Data extracts: Begin

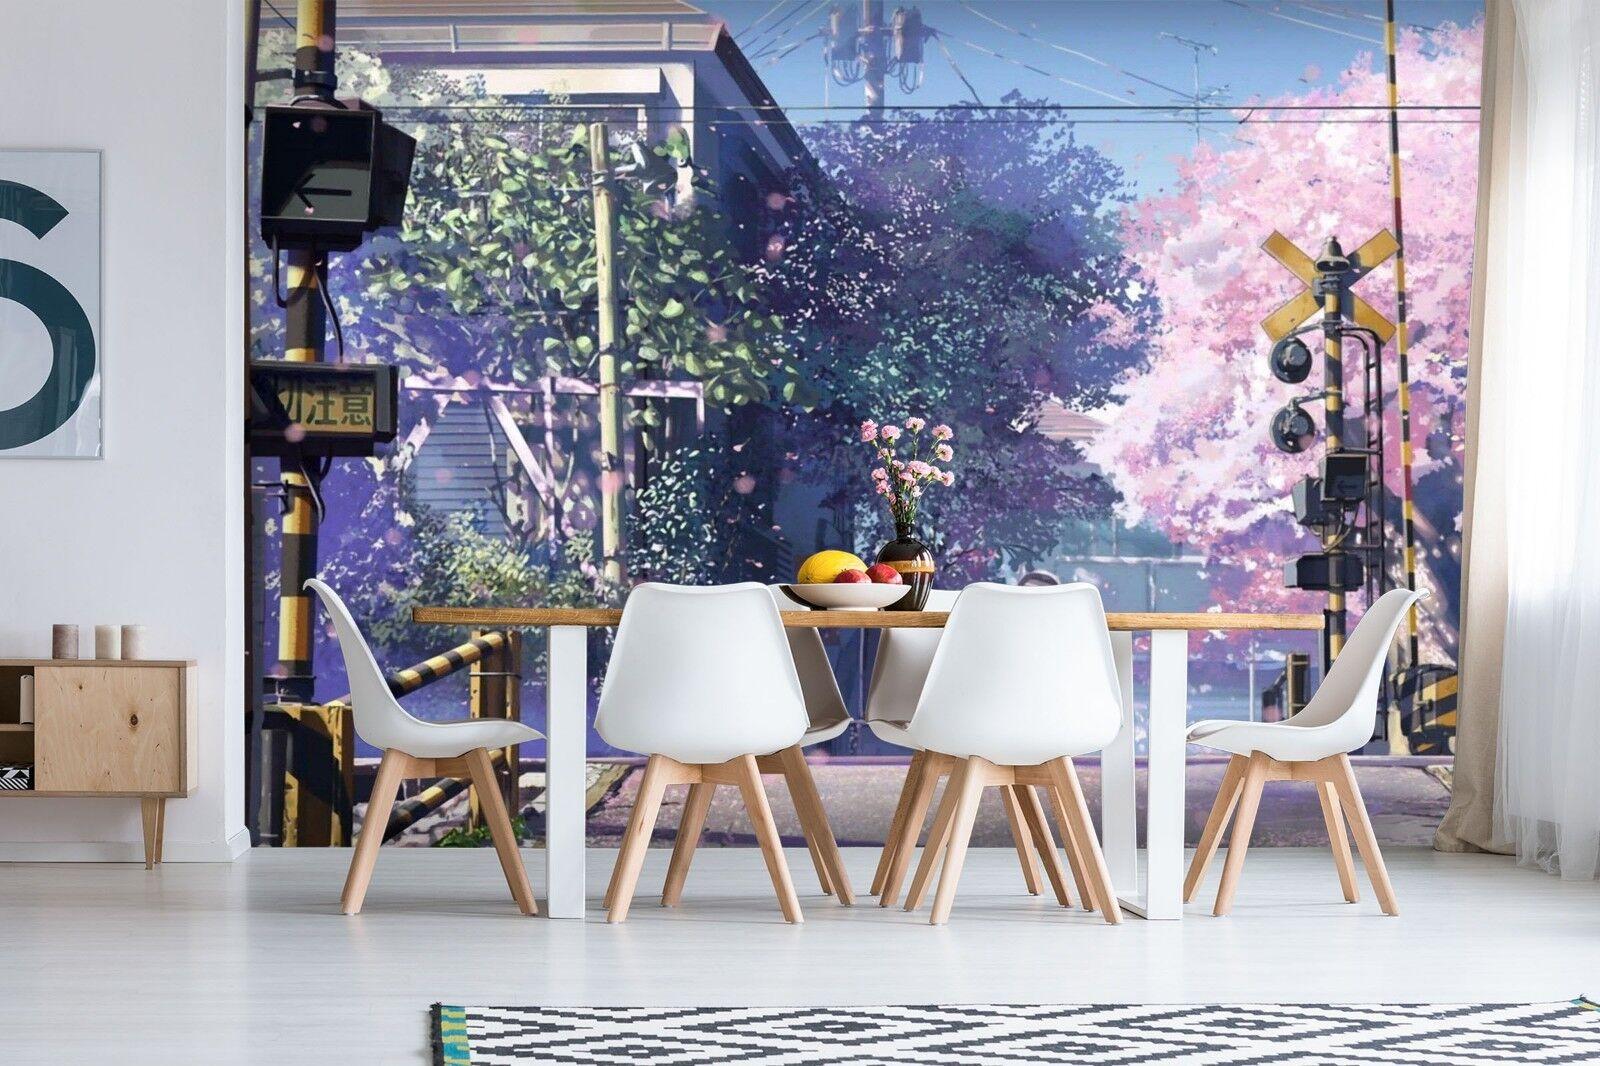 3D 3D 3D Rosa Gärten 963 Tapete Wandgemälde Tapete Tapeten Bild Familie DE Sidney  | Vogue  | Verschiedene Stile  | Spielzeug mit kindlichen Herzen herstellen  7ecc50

Data extracts: End
Data extracts: Begin

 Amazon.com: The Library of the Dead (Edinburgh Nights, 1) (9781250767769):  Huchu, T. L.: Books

Data extracts: End
Data extracts: Begin

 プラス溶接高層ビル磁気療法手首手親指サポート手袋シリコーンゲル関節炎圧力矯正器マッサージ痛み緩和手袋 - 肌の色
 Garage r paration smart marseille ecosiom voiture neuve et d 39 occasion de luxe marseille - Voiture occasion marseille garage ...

Data extracts: End

Requirement
When the line with "プラス溶接高層ビル磁気療法手首手親指サポート手袋シリコーンゲル関節炎圧力矯正器マッサージ痛み緩和手袋 - 肌の色" is reached in the data above, start copying there, and copy each line exactly until the line with "Garage r paration" has been copied; copy nothing else.

Task solution
 プラス溶接高層ビル磁気療法手首手親指サポート手袋シリコーンゲル関節炎圧力矯正器マッサージ痛み緩和手袋 - 肌の色
 Garage r paration smart marseille ecosiom voiture neuve et d 39 occasion de luxe marseille - Voiture occasion marseille garage ...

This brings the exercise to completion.